To test the effect of cofilin 1 on the transmission of α-synuclein pathology in the mouse brain, we injected AAV-GFP and AAV-GFP-cofilin 1 in the presence or absence of α-synuclein fibrils into the right striatum of wild-type mice, and compared the expression of p-S129 in different brain regions. We found that AAV-cofilin 1 alone did not induce the phosphorylation of α-synuclein in wild-type mice. AAV-GFP did not affect the levels of p-S129 induced by α-synuclein fibrils (Supplementary Fig. 4a–e; Supplementary Fig. 4b, n = 4, t1 = 0.6547, P1 = 0.5370; t2 = 0, P2 > 0.9999; Supplementary Fig. 4c, n = 4, t = 0.6547, P = 0.5370; Supplementary Fig. 4d, n = 4, t1 = 0.4472, P1 = 0.6704; t2 = 0.3974, P2 = 0.7049; Supplementary Fig. 4e, n = 4, t1 = 1.414, P1 = 0.2070; t2 = 0.6547, P2 = 0.5370). However, overexpression of cofilin 1 in mice injected with α-synuclein fibrils promoted the spreading of α-synuclein pathology in the OB, striatum, SN, and cerebellum of wild-type mice, but not in the hippocampus and DG area (Fig. 4a–c; Fig. 4b, n = 4, F1 (2, 9) = 31.73, P1 = 0.007, P2 = 0.0031; F2 (2, 9) = 38.59, P1 = 0.0239, P2 = 0.0005; Fig. 4c, n = 4, F1 (2, 9) = 54.41, P1 = 0.0014, P2 = 0.0005; F2 (2, 9) = 0.5, P = 0.8731). These results indicate that cofilin 1 enhances the transmission of α-synuclein aggregates in the mouse brain.

Fig. 4: Cofilin 1 accelerates the transmission of α-synuclein aggregates in the mouse brain.

a–c Immunohistochemistry showing the expression of p-S129 α-synuclein in different brain regions of mice injected with PBS, α-synuclein PFFs, and α-synuclein PFFs together with AAV-cofilin 1. Scale bar in DG area, 50 μm. Scale bars in other areas, 20 μm. Bar graph, quantification of p-S129-positive cells in the striatum (b) and SN (c) of mice. Data are mean ± SEM; n = 4; *P < 0.05, **P < 0.01, ***P < 0.001, ns: not statistically significant by one-way ANOVA.

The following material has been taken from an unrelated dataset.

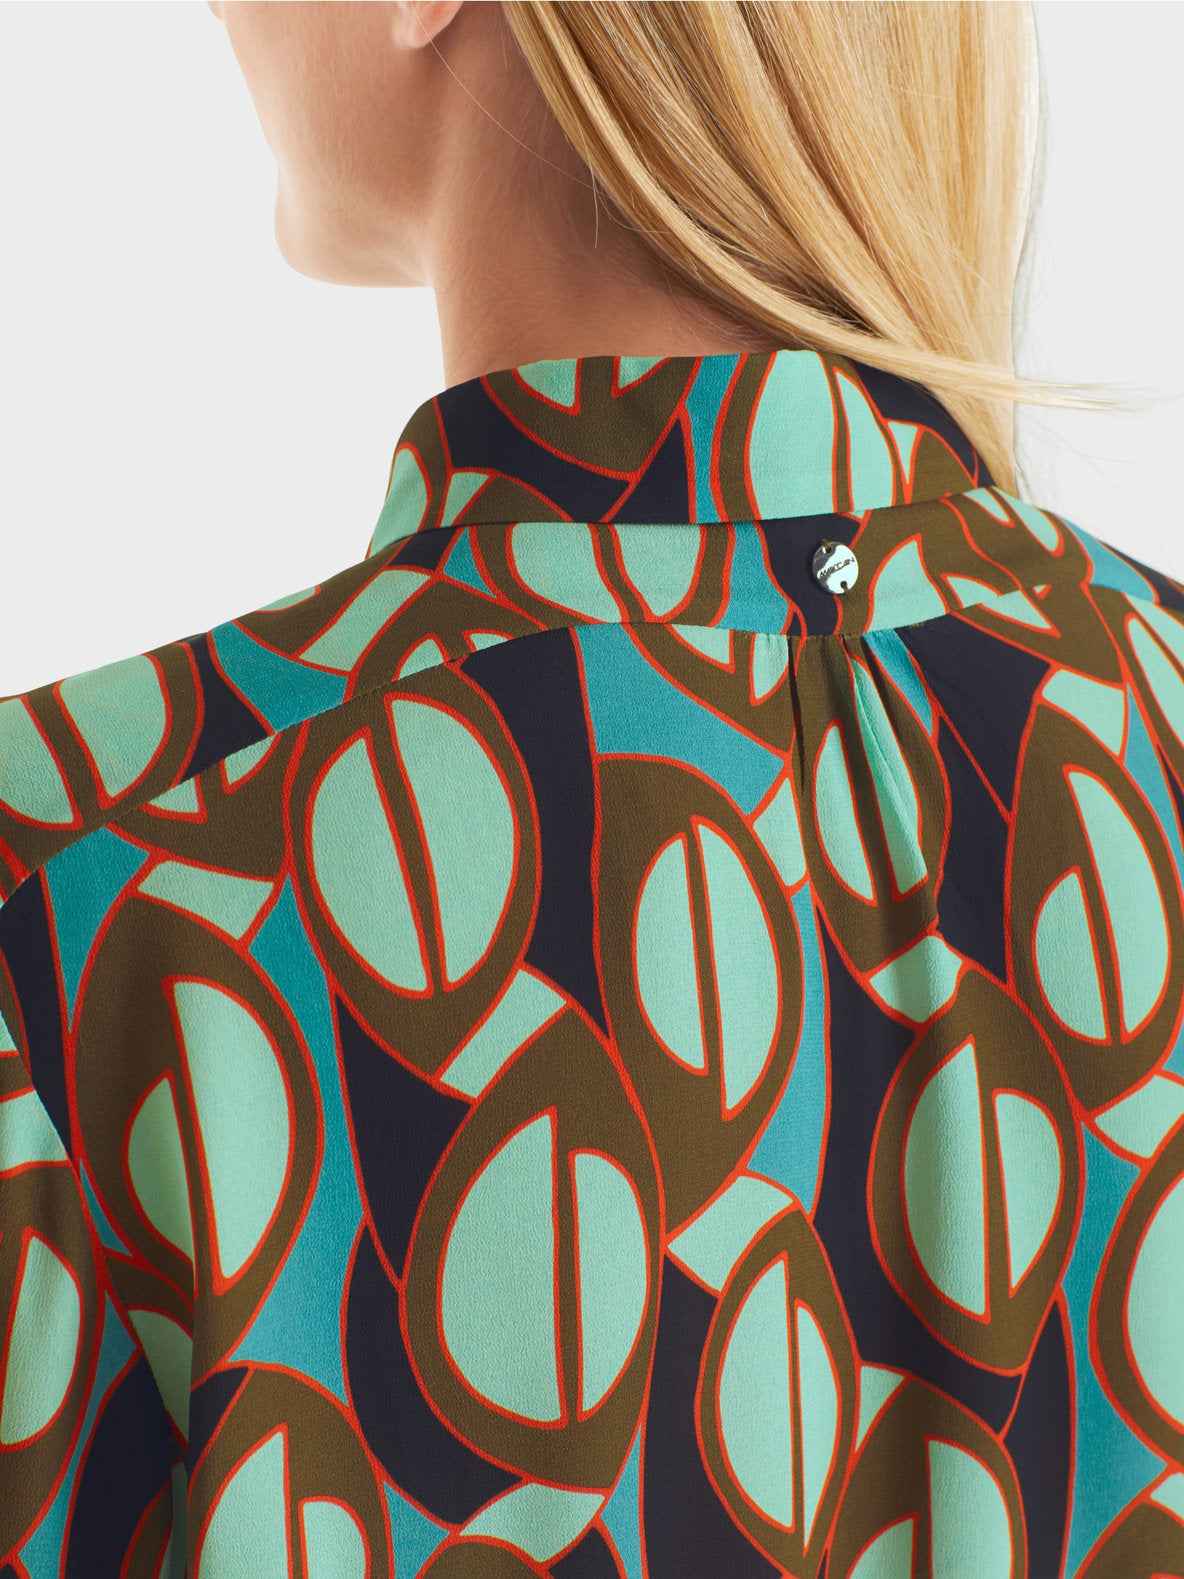 Colourful Patterned Shirt Blouse_WC 51.04 W04_562_04
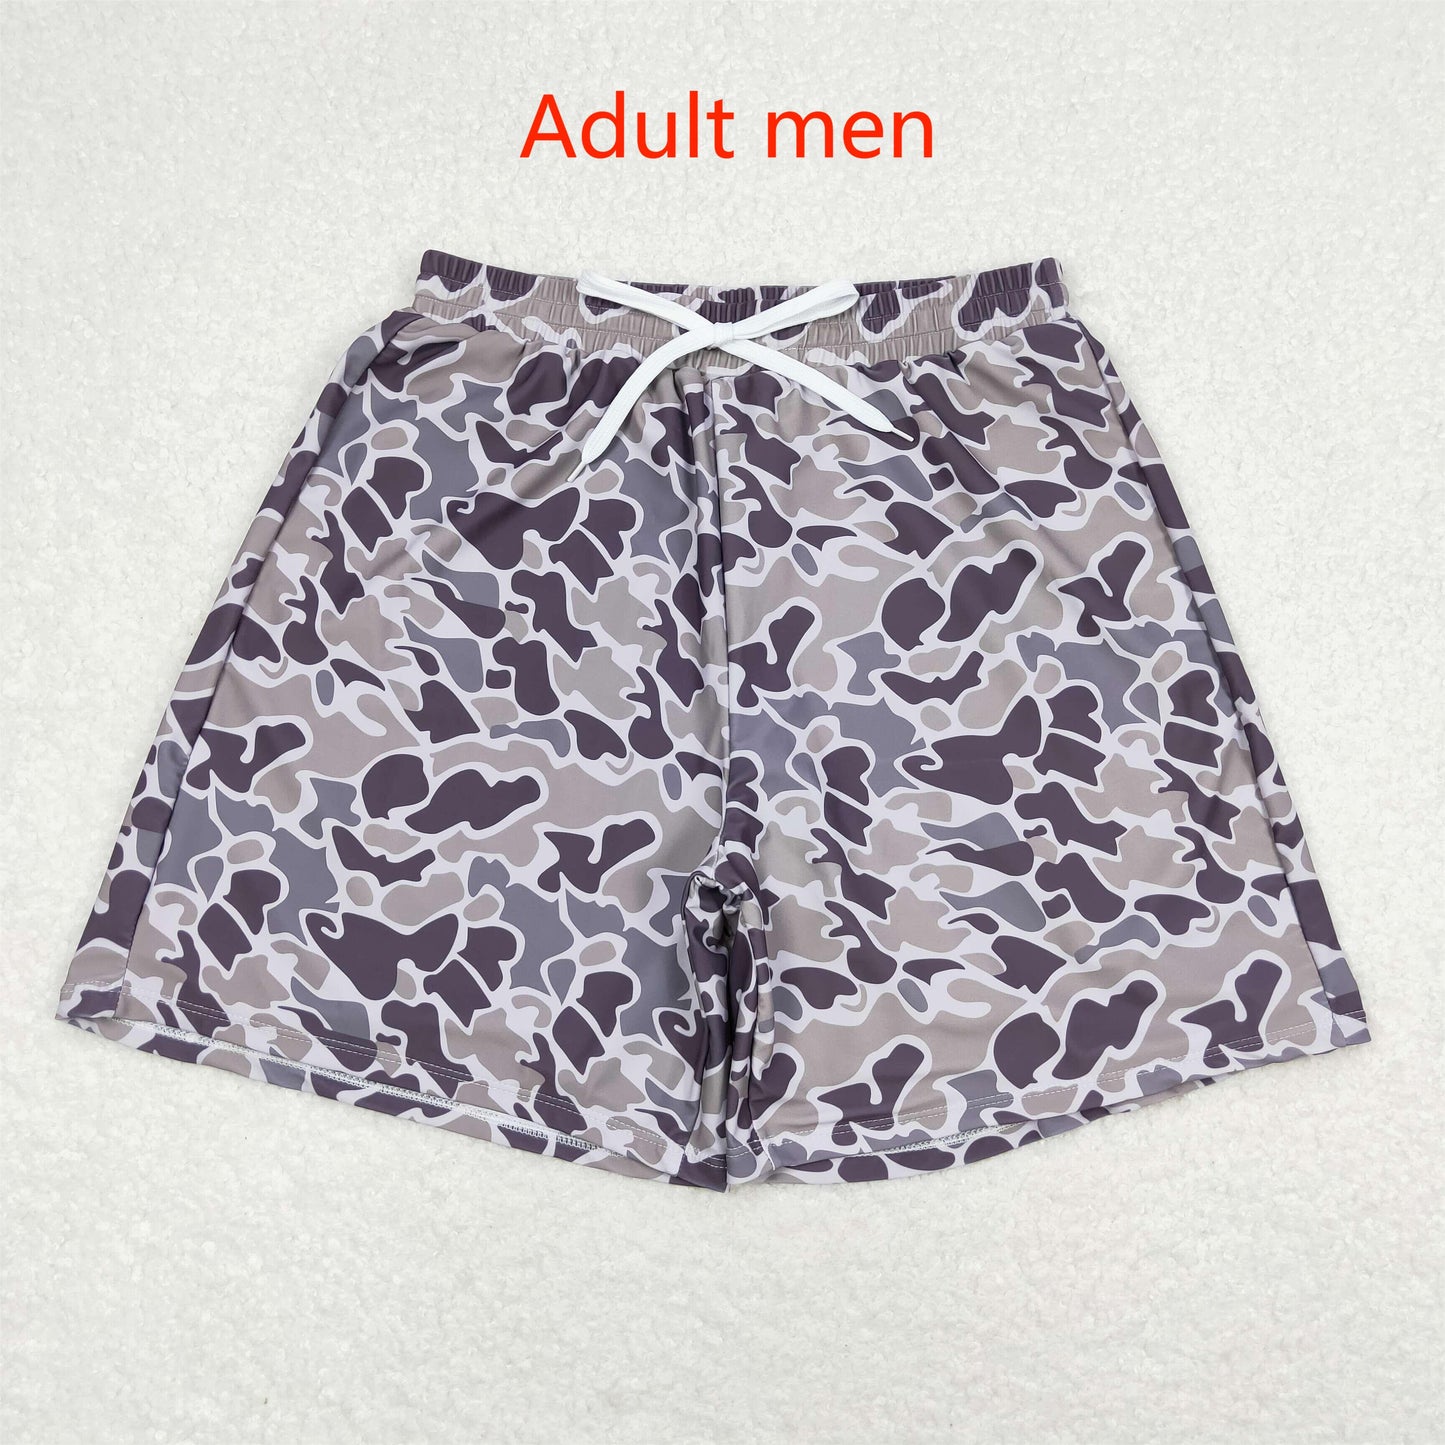 rts no moq S0323 Adult men's camouflage swimming trunks

Cofilin 1 enhances dopaminergic neuronal injury induced by α-synuclein fibrils

Since cofilin 1 accelerates the transmission of α-synuclein inclusions, we further tested whether overexpression of cofilin 1 affects the degeneration of dopaminergic neurons and activation of microglia in vivo. The number of TH-positive neurons and the density of TH-positive terminals in the bilateral substantia nigra and striatum were decreased in the presence of α-synuclein fibrils. The pathology was more severe when cofilin 1 was overexpressed, while AAV-cofilin 1 alone had no effect on the expression of TH compared with the control group (Fig. 5a–c, Fig. 5b, n = 5, F1 (4, 20) = 13.42, P1 = 0.0189, P2 = 0.0249; F2 (4, 20) = 16.08, P1 = 0.0207, P2 = 0.011; Fig. 5c, n = 4, F1 (4, 15) = 51.36, P1 < 0.0001, P2 = 0.0056; F2 (4, 15) = 245.2, P < 0.0001). HPLC analysis of the striatal tissues showed significantly decreased DA and DOPAC concentrations in mice injected α-synuclein fibrils. The overexpression of cofilin 1 with α-synuclein fibrils further decreased the content of DA and DOPAC (Fig. 5d, e; Fig. 5d, n = 4, F (2, 9) = 21.7, P = 0.0134; Fig. 5e, n = 4, F (2, 9) = 26.41, P = 0.0102). Hence, cofilin 1 promotes the degeneration of nigrostriatal dopaminergic pathway induced by α-synuclein fibrils. In addition, injection of α-synuclein fibrils induced the activity of microglia, which was further enhanced when cofilin 1 was overexpressed with α-synuclein fibrils (Fig. 5f, g; Fig. 5g, n = 5, F (2, 12) = 26.4, P1 = 0.0395, P2 = 0.0009). Immunostaining of TH and Iba1 further verified the activation of microglia and the decrease of dopaminergic terminals in the striatum (Supplementary Fig. 5; n = 4, F1 (2, 9) = 18.94, P1 = 0.0148, P2 = 0.0242; F2 (2, 9) = 34.88, P1 = 0.015, P2 = 0.0011). These results indicate that cofilin 1 promotes dopaminergic degeneration and microglial activation in vivo.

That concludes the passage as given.